Happy new year! 2017 is finally here so cheers to a new beginning wherever you are mentally, physically or spiritually in life. After spending the holidays traveling it feels great to be back in my own space, eating my own food, and getting back into my routine in Spain. As much as I love exploring, there is nothing like waking up in my own bed and staying there all day listening to music and podcasts if I want. It’s the ultimate form of self-care. I promise you, I’m a homebody at heart.

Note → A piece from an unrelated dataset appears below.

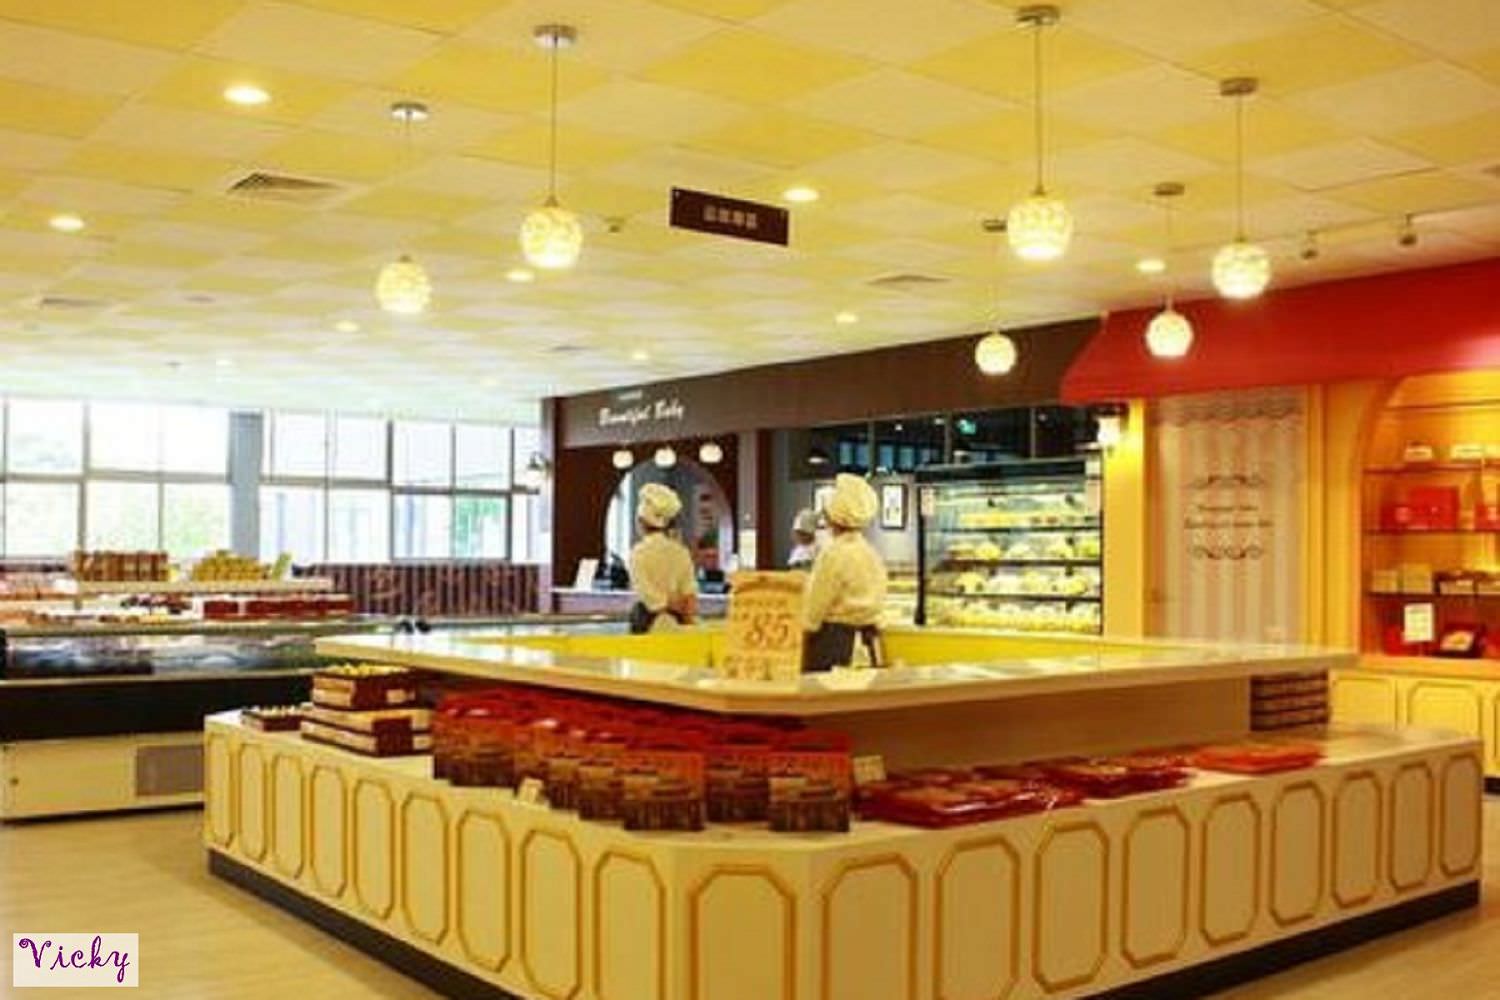 台南景點︱以「食」「立」觀光，好「食」「立」觀光工廠：奇美食品幸福工廠、彼緹娃藝術蛋糕觀光工廠

I started thinking about social media and traveling a few months ago and even more during winter break. As I was waiting for a metro, I scrolled through my Instagram and realized that I post more photos when I’m abroad than when I’m back home in the U.S. Why? Well, I just told you I’m a homebody so my life in the U.S. isn’t nearly as interesting. But honestly, I enjoy taking photos, editing them and sharing them with the world. It’s a form of creative expression, I embrace it. However, I do think about how my 200+ photo album of my year in Spain is perceived by others. This is not because I’m going to nor want to stop posting photos anytime soon. I love it and it’s another way to keep my family updated since we can’t chat every day. Yet, between the food, wine and traveling, sometimes I think social media while studying or living abroad can depict a false reality of life.
Does this mean I will write paragraph-long statuses every time I get lost in a new country or frustrated with my language abilities? No. Am I going to update Facebook, Snapchat, Instagram and Twitter about every high and low during the week? Most definitely not. That’s too much work and I despise those live notifications (so if we’re Facebook friends there is a 100% chance I turned yours off, no offence). But, I do want to remind people that not everything about someone’s life gets posted.
I’ve been annoyed with Spanish burreaucracy and my roommates. I’ve felt isolated from the Spanish culture at times. My every day routine is just as basic as anyone else’s and I struggle to control my irritation when the, “where are you really from?” question comes up; since the idea of black people in the U.S. is literally a foreign concept to some people I meet. Just because I don’t update social media about every challenge as frequently as my latest weekend trip, doesn’t mean they didn’t happen. Some days are better than others and that’s ok, but don’t be fooled. It’s a personal choice to upload the positive and save the negative for a single blog post like this.
While social media is great and all, at the end of the day it’s a highlight reel of a life. They’re just snapshots and anyone can create any persona with the right opportunity and a smartphone. It doesn’t make travelers “liars” per say, but generally speaking people love hearing the good side of things with some realness sprinkled in between. It’s about balance. So for me, the next time you see an Insta with a sarcastic caption, know that I probably conjugated a few verbs wrong that day, my students called me the other teaching assistant’s name and I confidently used por in a sentence when I should have used para (for non-Spanish speakers, both words mean “for“). However, if you really wanted to know the truth, you could skip the “like” and be old-fashioned by just asking me what’s up, right?